Depends what army you want to do, for full cheese you could have necron destroyer army, or a eldar vyper army, Always seems that fast does well.


----------



## kelvingreen (May 15, 2007)

I don't want cheese, just something that's fun to play with, maybe something shooty. Tau possibly?


----------



## royemunson (Apr 9, 2007)

Tau could work, if you want fluffy then you could have fire warrior squad in a devil fish, gun drones and steath suits not sure on the points but would fit with a small recon force.

I always like doing fluffy 400pt lists, i know they wont always win but an army just of the scouting options in an army list will always look good.


----------



## kelvingreen (May 15, 2007)

Yeah, I'm not concerned so much with winning, just with having a laugh.


----------



## royemunson (Apr 9, 2007)

Well what army do you want to do and we can sort out an army list.


----------



## experiment 626 (Apr 26, 2007)

kelvingreen said:


> Yeah, I'm not concerned so much with winning, just with having a laugh.
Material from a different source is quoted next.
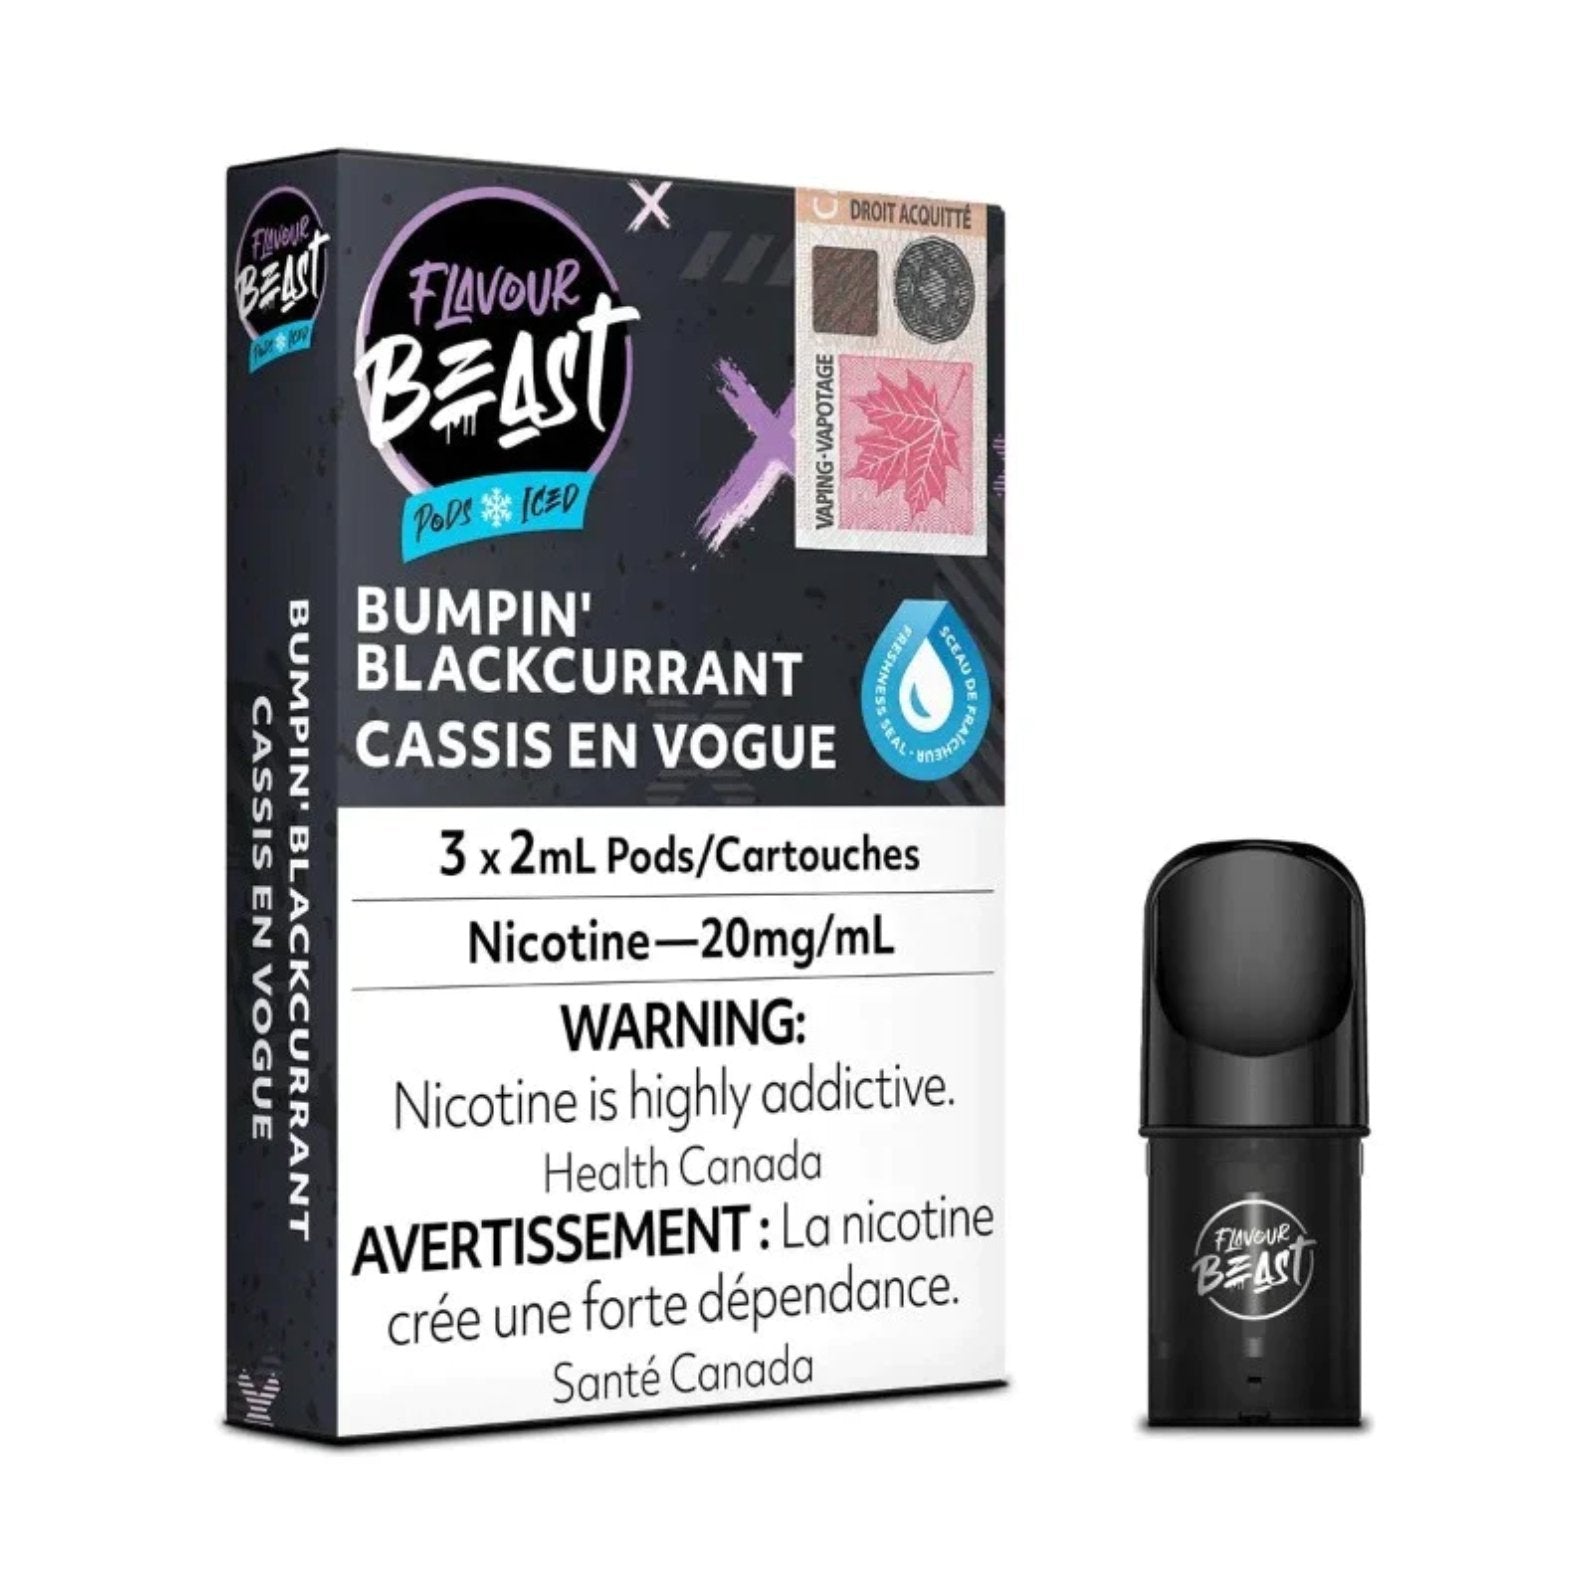 Flavour Beast Pods - Bumpin' Blackcurrant Iced - Vape Crush

if you want a true laugh, then i suggest the following themes;

guard 'no man's land' scouting/assault force:
- conscripts led by an independant commissar
- mortar support platoon
- sentinel/s
(give them the warrior weapons doctrine to make it even more cruel on the poor conscripts!)

all gretchin ork force.
- grot mobs w/slaver
- grot artillery
- grot piloted killa kans! :twisted: 

tyranid 'feeding' swarm
- rippers
- rippers
- rippers...
- maybe more rippers!

cheers!


----------



## kelvingreen (May 15, 2007)

Well, maybe not _that_ much of a laugh!

Although converting up some Gretchin Pirates could be fun... :wink:

No, by "having a laugh" I mean in the British sense of "just for fun", rather than literally for laughs.



royemunson said:


> Well what army do you want to do and we can sort out an army list.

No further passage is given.